Metadata-Version: 2.4
Name: html-to-markdown
Version: 1.2.0
Summary: Convert HTML to markdown
Author-email: Na'aman Hirschfeld <nhirschfeld@gmail.com>
License: MIT
License-File: LICENSE
Keywords: converter,html,markdown,text-extraction,text-processing
Classifier: Intended Audience :: Developers
Classifier: License :: OSI Approved :: MIT License
Classifier: Operating System :: OS Independent
Classifier: Programming Language :: Python :: 3 :: Only
Classifier: Programming Language :: Python :: 3.9
Classifier: Programming Language :: Python :: 3.10
Classifier: Programming Language :: Python :: 3.11
Classifier: Programming Language :: Python :: 3.12
Classifier: Programming Language :: Python :: 3.13
Classifier: Topic :: Text Processing
Classifier: Topic :: Text Processing :: Markup
Classifier: Topic :: Text Processing :: Markup :: HTML
Classifier: Topic :: Text Processing :: Markup :: Markdown
Classifier: Topic :: Utilities
Classifier: Typing :: Typed
Requires-Python: >=3.9
Requires-Dist: beautifulsoup4>=4.12.3
Description-Content-Type: text/markdown

# html_to_markdown

This library is a refactored and modernized fork of [markdownify](https://pypi.org/project/markdownify/), supporting
Python 3.9 and above.

### Differences with the Markdownify

- The refactored codebase uses a strict functional approach - no classes are involved.
- There is full typing with strict MyPy strict adherence and a py.typed file included.
- The `convert_to_markdown` function allows passing a pre-configured instance of `BeautifulSoup` instead of html.
- This library releases follows standard semver. Its version v1.0.0 was branched from markdownify's v0.13.1, at which
  point versioning is no longer aligned.

## Installation

```shell
pip install html_to_markdown
```

## Usage

Convert an string HTML to Markdown:

```python
from html_to_markdown import convert_to_markdown

convert_to_markdown('<b>Yay</b> <a href="http://github.com">GitHub</a>')  # > '**Yay** [GitHub](http://github.com)'
```

Or pass a pre-configured instance of `BeautifulSoup`:

```python
from bs4 import BeautifulSoup
from html_to_markdown import convert_to_markdown

soup = BeautifulSoup('<b>Yay</b> <a href="http://github.com">GitHub</a>', 'lxml')  # lxml requires an extra dependency.

convert_to_markdown(soup)  # > '**Yay** [GitHub](http://github.com)'
```

### Options

The `convert_to_markdown` function accepts the following kwargs:

- autolinks (bool): Automatically convert valid URLs into Markdown links.
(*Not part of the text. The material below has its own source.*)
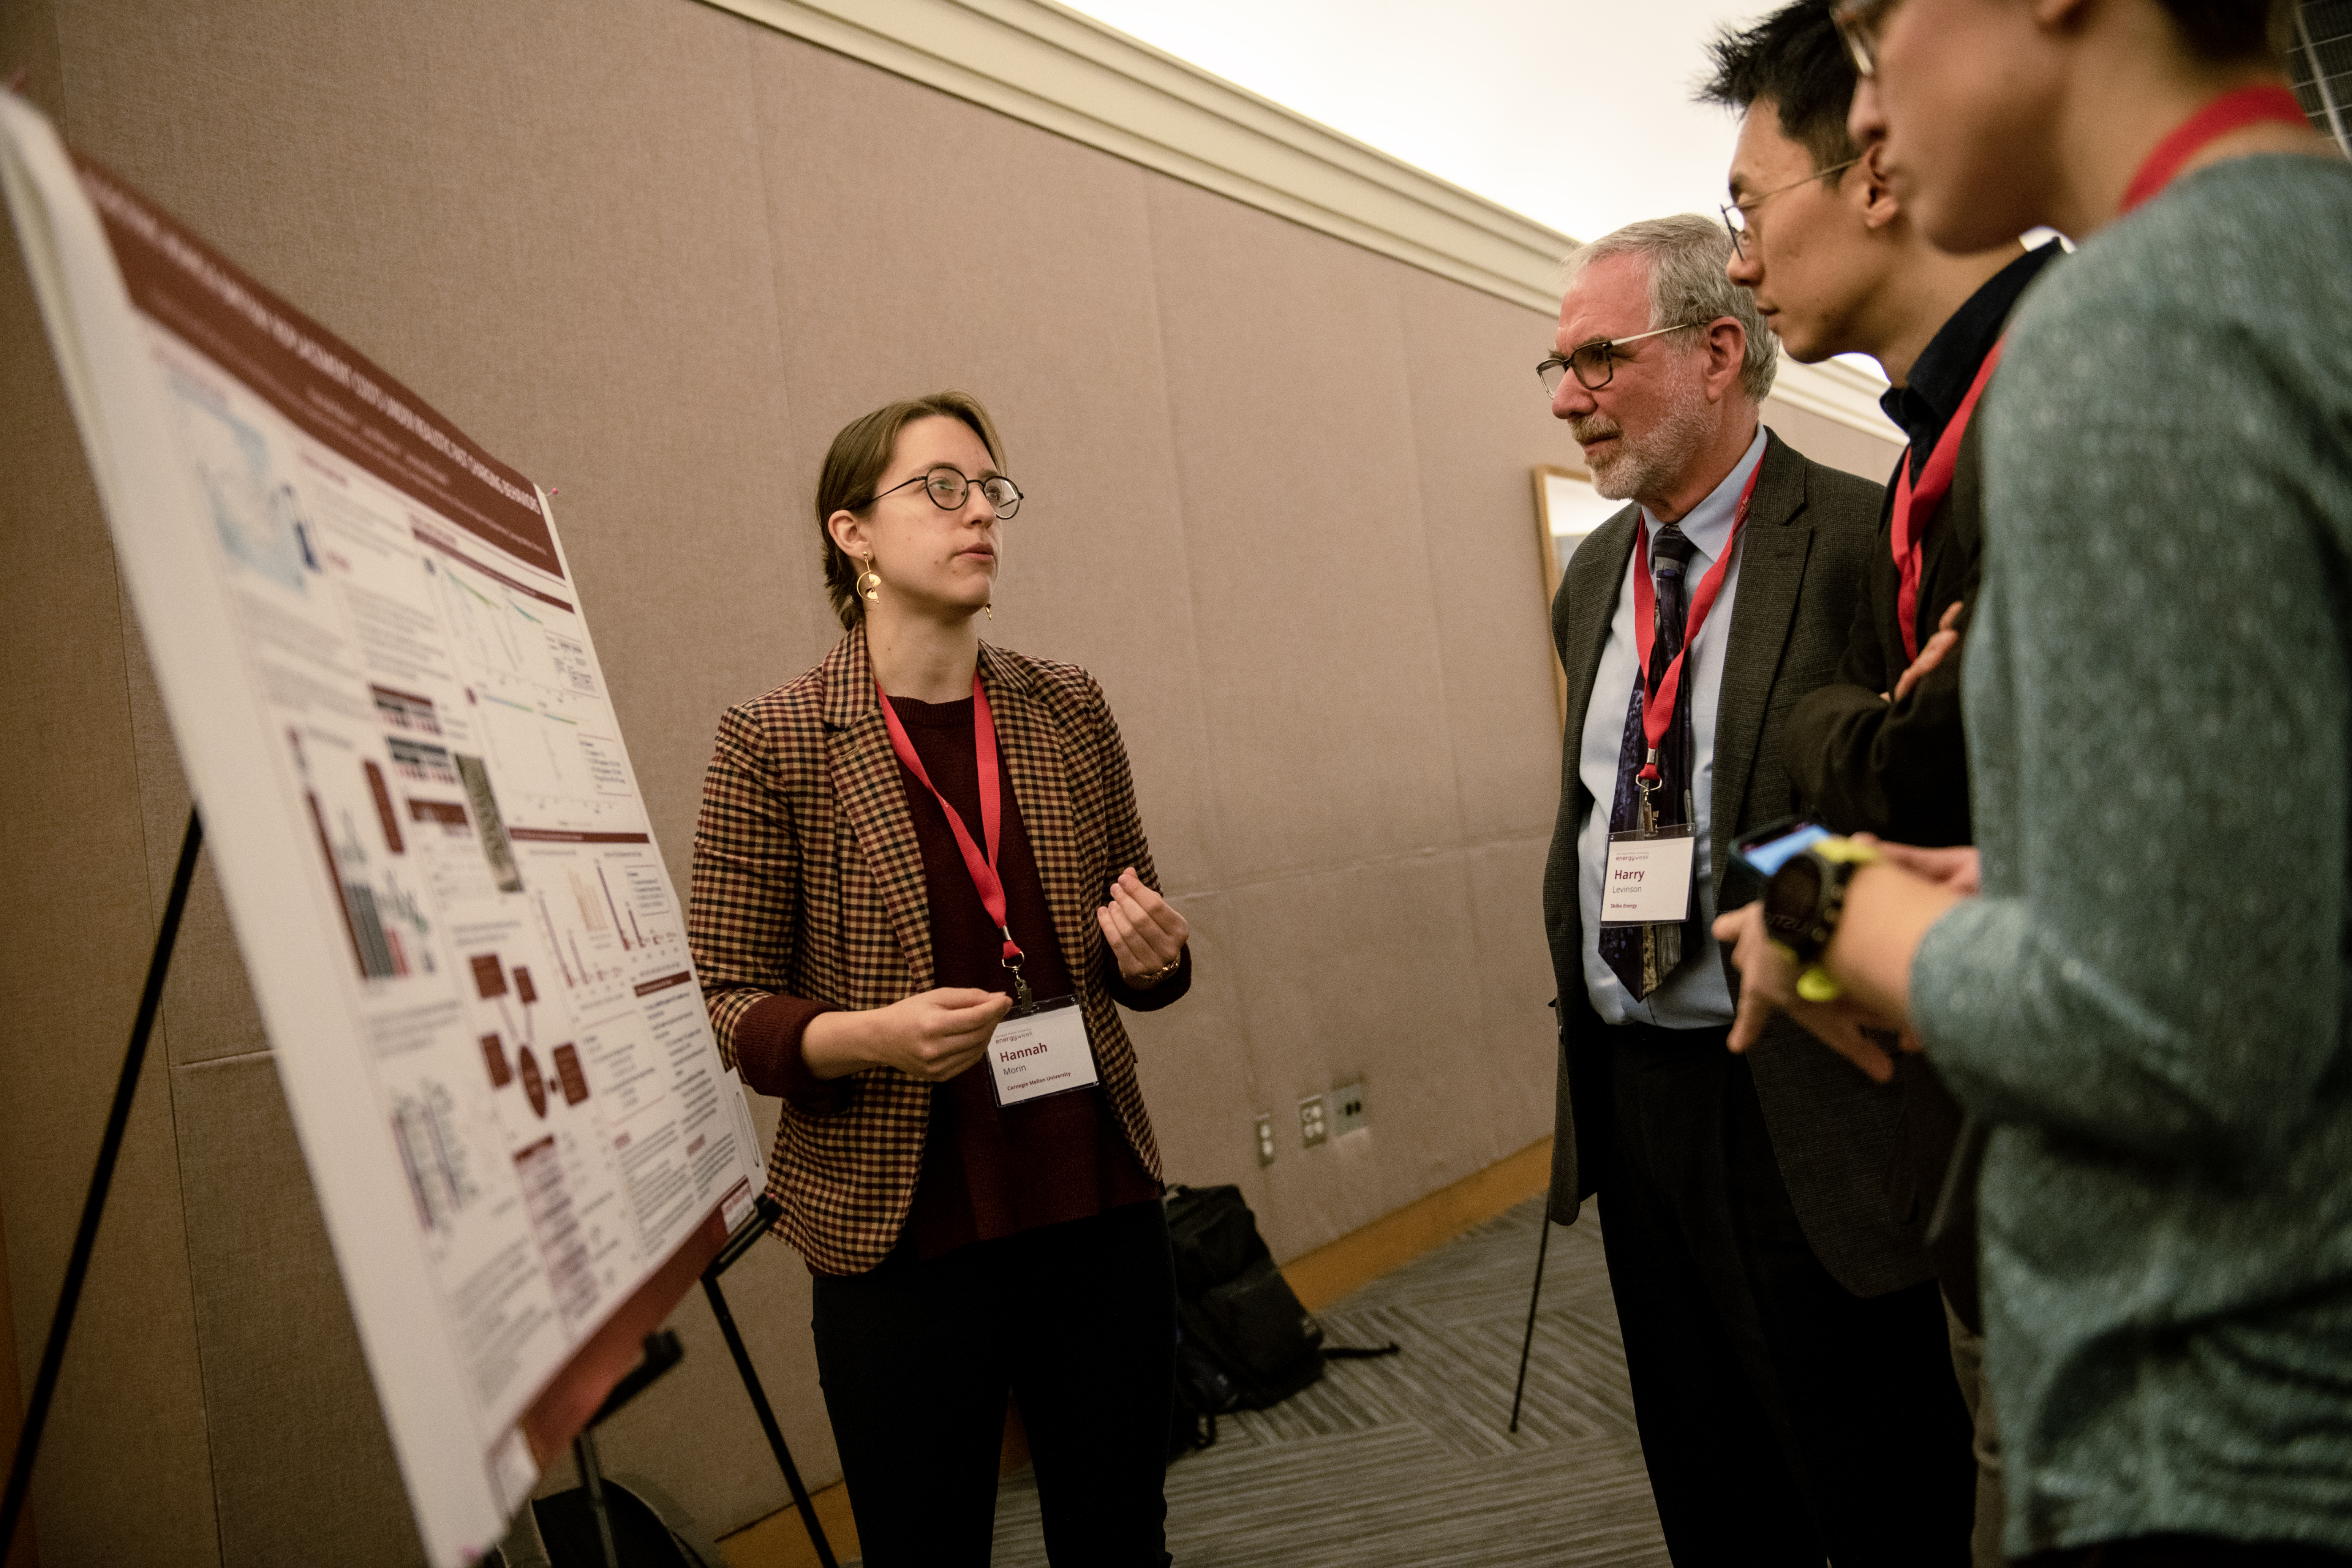 Student Presents Poster to Judges in Cohon Center

Defaults to True.
- bullets (str): A string of characters to use for bullet points in lists. Defaults to '\*+-'.
- code_language (str): Default language identifier for fenced code blocks. Defaults to an empty string.
- code_language_callback (Callable[[Any], str] | None): Function to dynamically determine the language for code blocks.
- convert (Iterable[str] | None): A list of tag names to convert to Markdown. If None, all supported tags are converted.
- default_title (bool): Use the default title when converting certain elements (e.g., links). Defaults to False.
- escape_asterisks (bool): Escape asterisks (\*) to prevent unintended Markdown formatting. Defaults to True.
- escape_misc (bool): Escape miscellaneous characters to prevent conflicts in Markdown. Defaults to True.
- escape*underscores (bool): Escape underscores (*) to prevent unintended italic formatting. Defaults to True.
- heading_style (Literal["underlined", "atx", "atx_closed"]): The style to use for Markdown headings. Defaults to "
  underlined".
- keep_inline_images_in (Iterable[str] | None): Tags in which inline images should be preserved. Defaults to None.
- newline_style (Literal["spaces", "backslash"]): Style for handling newlines in text content. Defaults to "spaces".
- strip (Iterable[str] | None): Tags to strip from the output. Defaults to None.
- strong*em_symbol (Literal["\*", "*"]): Symbol to use for strong/emphasized text. Defaults to "\*".
- sub_symbol (str): Custom symbol for subscript text. Defaults to an empty string.
- sup_symbol (str): Custom symbol for superscript text. Defaults to an empty string.
- wrap (bool): Wrap text to the specified width. Defaults to False.
- wrap_width (int): The number of characters at which to wrap text. Defaults to 80.
- convert_as_inline (bool): Treat the content as inline elements (no block elements like paragraphs). Defaults to False.

## CLI

For compatibility with the original markdownify, a CLI is provided. Use `html_to_markdown example.html > example.md` or
pipe input from stdin:

```shell
cat example.html | html_to_markdown > example.md
```

Use `html_to_markdown -h` to see all available options. They are the same as listed above and take the same arguments.